The first deals with some extensions to UniChem to allow far more flexible searches. The abstract is:
UniChem is a low-maintenance, fast and freely available compound identifier mapping service, recently made available on the Internet. Until now, the criterion of molecular equivalence within UniChem has been on the basis of complete identity between Standard InChIs. However, a limitation of this approach is that stereoisomers, isotopes and salts of otherwise identical molecules are not considered as related. Here, we describe how we have exploited the layered structural representation of the Standard InChI to create new functionality within UniChem that integrates these related molecular forms.

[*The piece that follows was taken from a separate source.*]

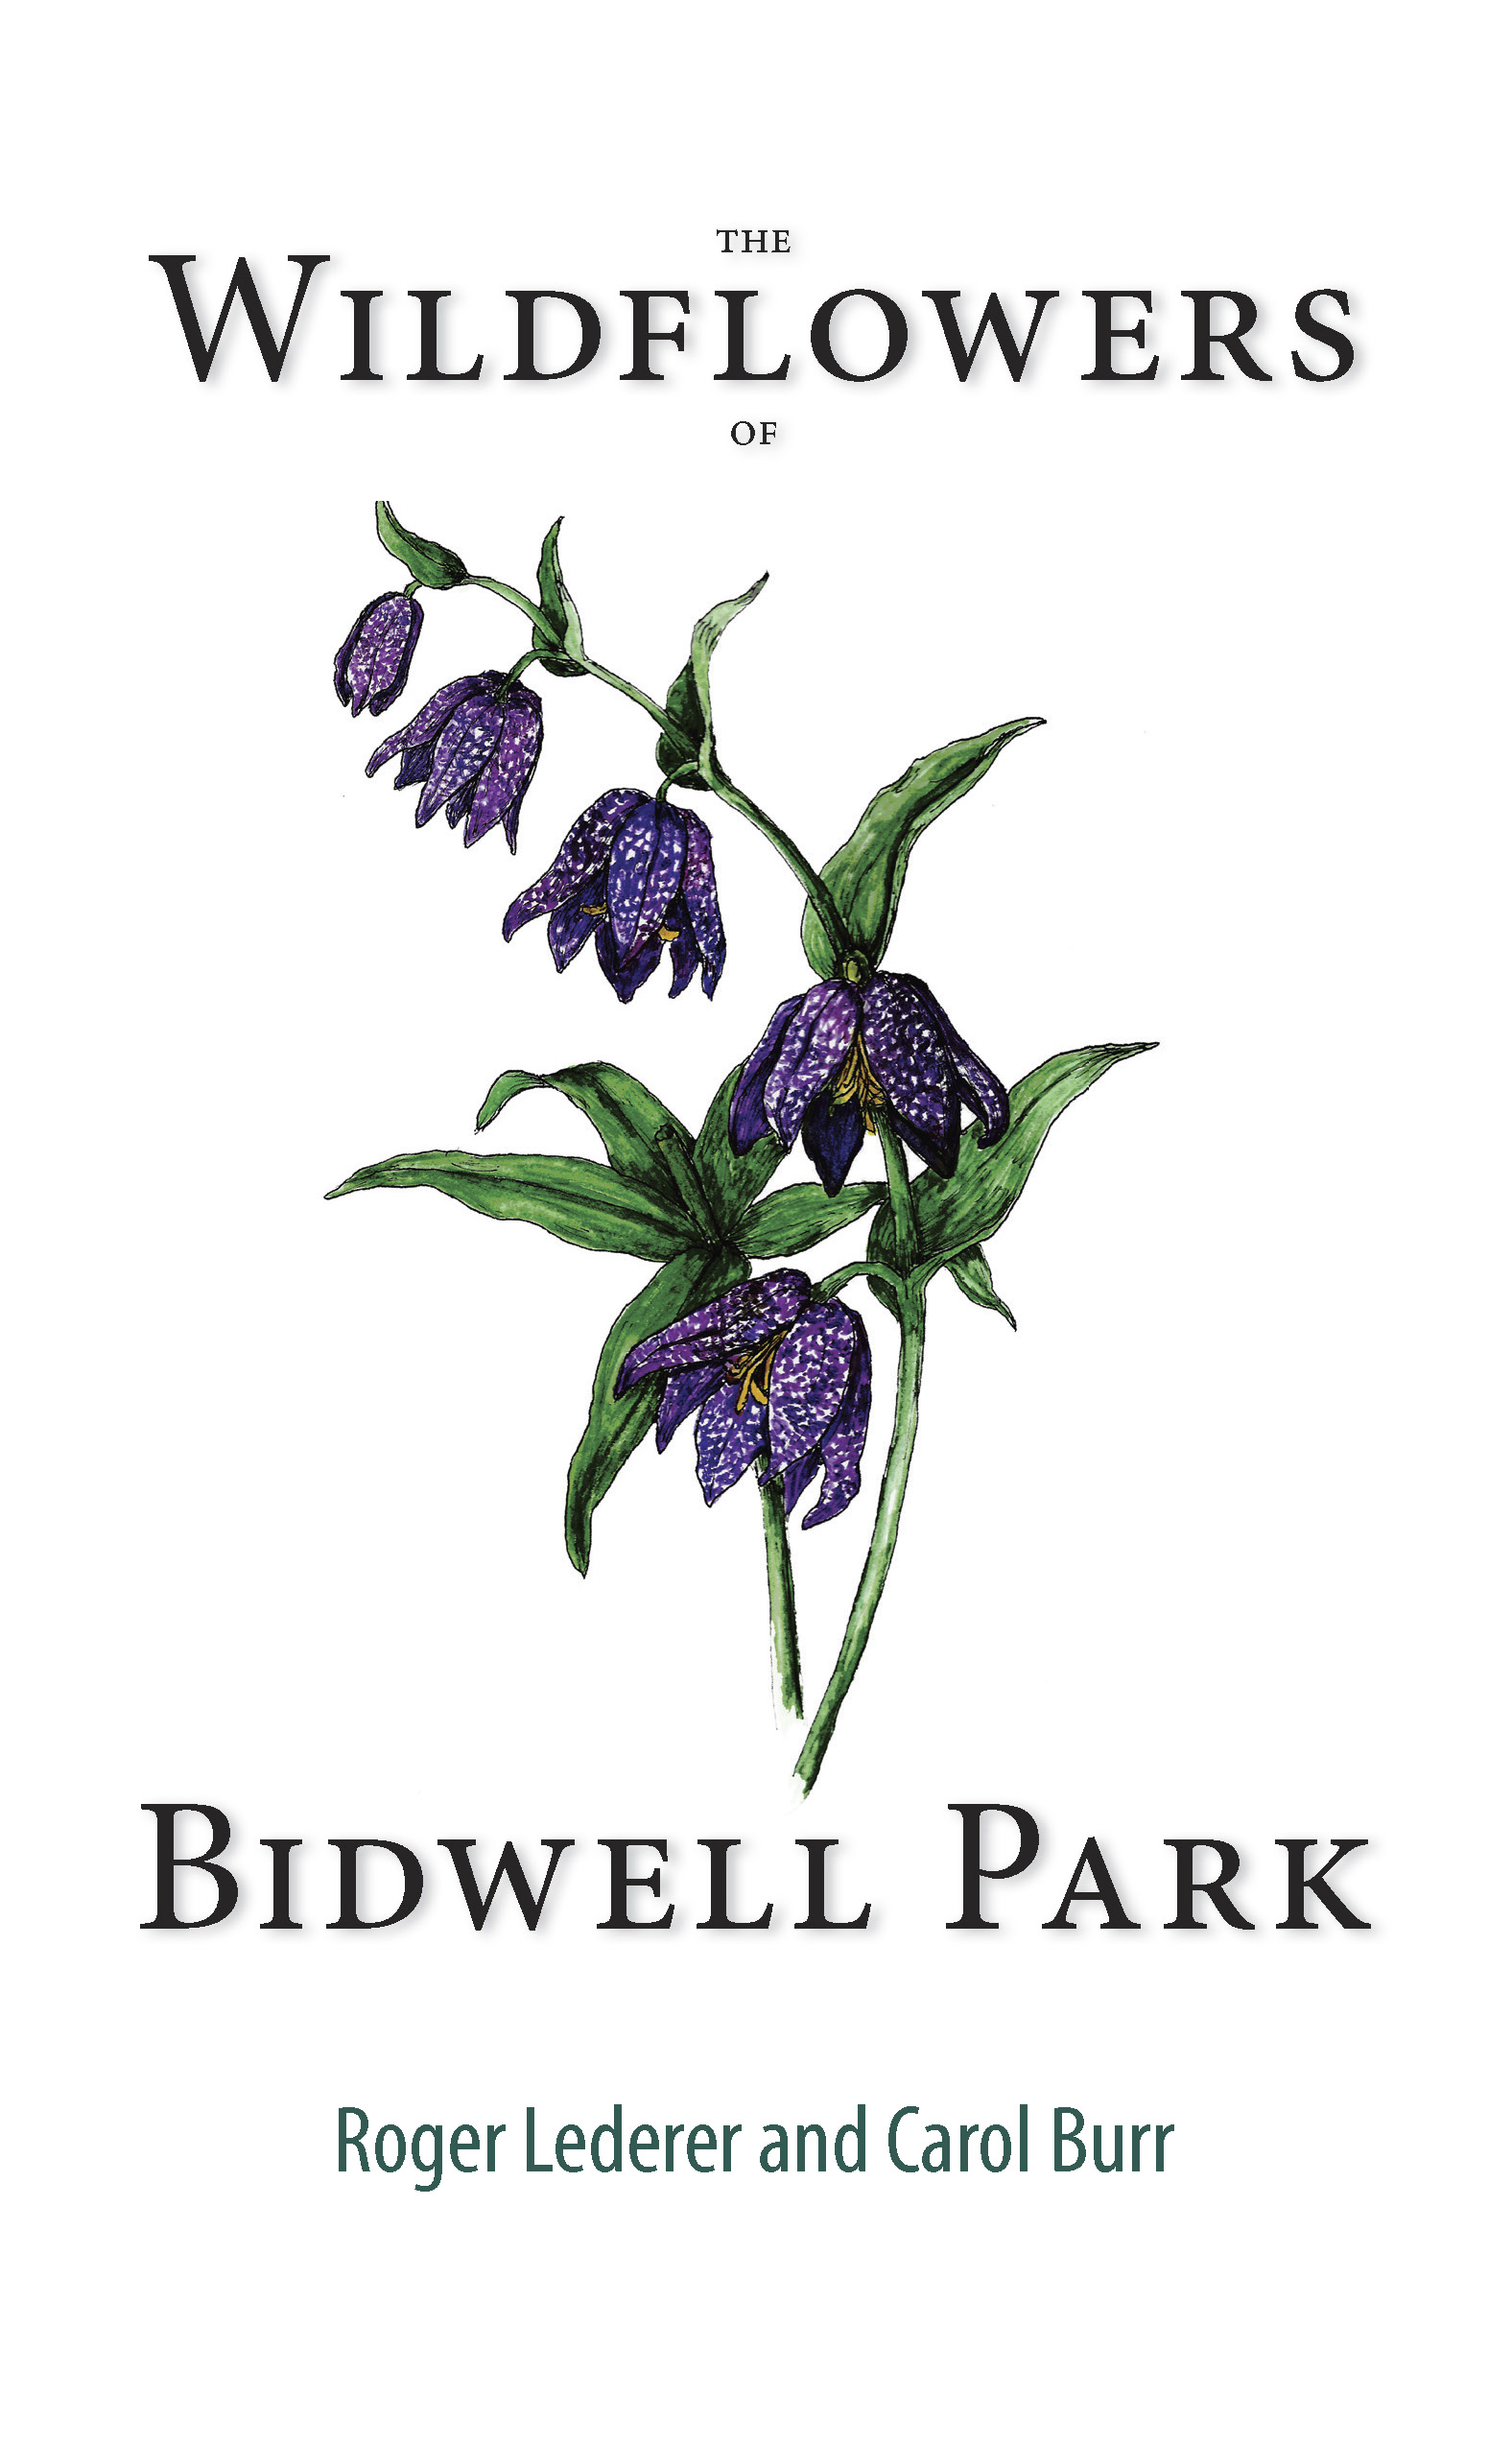 Click to order The Wildflowers in Bidwell Park

The service, called ‘Connectivity Search’ allows molecules to be first matched on the basis of complete identity between the connectivity layer of their corresponding Standard InChIs, and the remaining layers then compared to highlight stereochemical and isotopic differences. Parsing of Standard InChI sub-layers permits mixtures and salts to also be included in this integration process. Implementation of these enhancements required simple modifications to the schema, loader and web application, but none of which have changed the original UniChem functionality or services. The scope of queries may be varied using a variety of easily configurable options, and the output is annotated to assist the user to filter, sort and understand the difference between query and retrieved structures. A RESTful web service output may be easily processed programmatically to allow developers to present the data in whatever form they believe their users will require, or to define their own level of molecular equivalence for their resource, albeit within the constraint of identical connectivity.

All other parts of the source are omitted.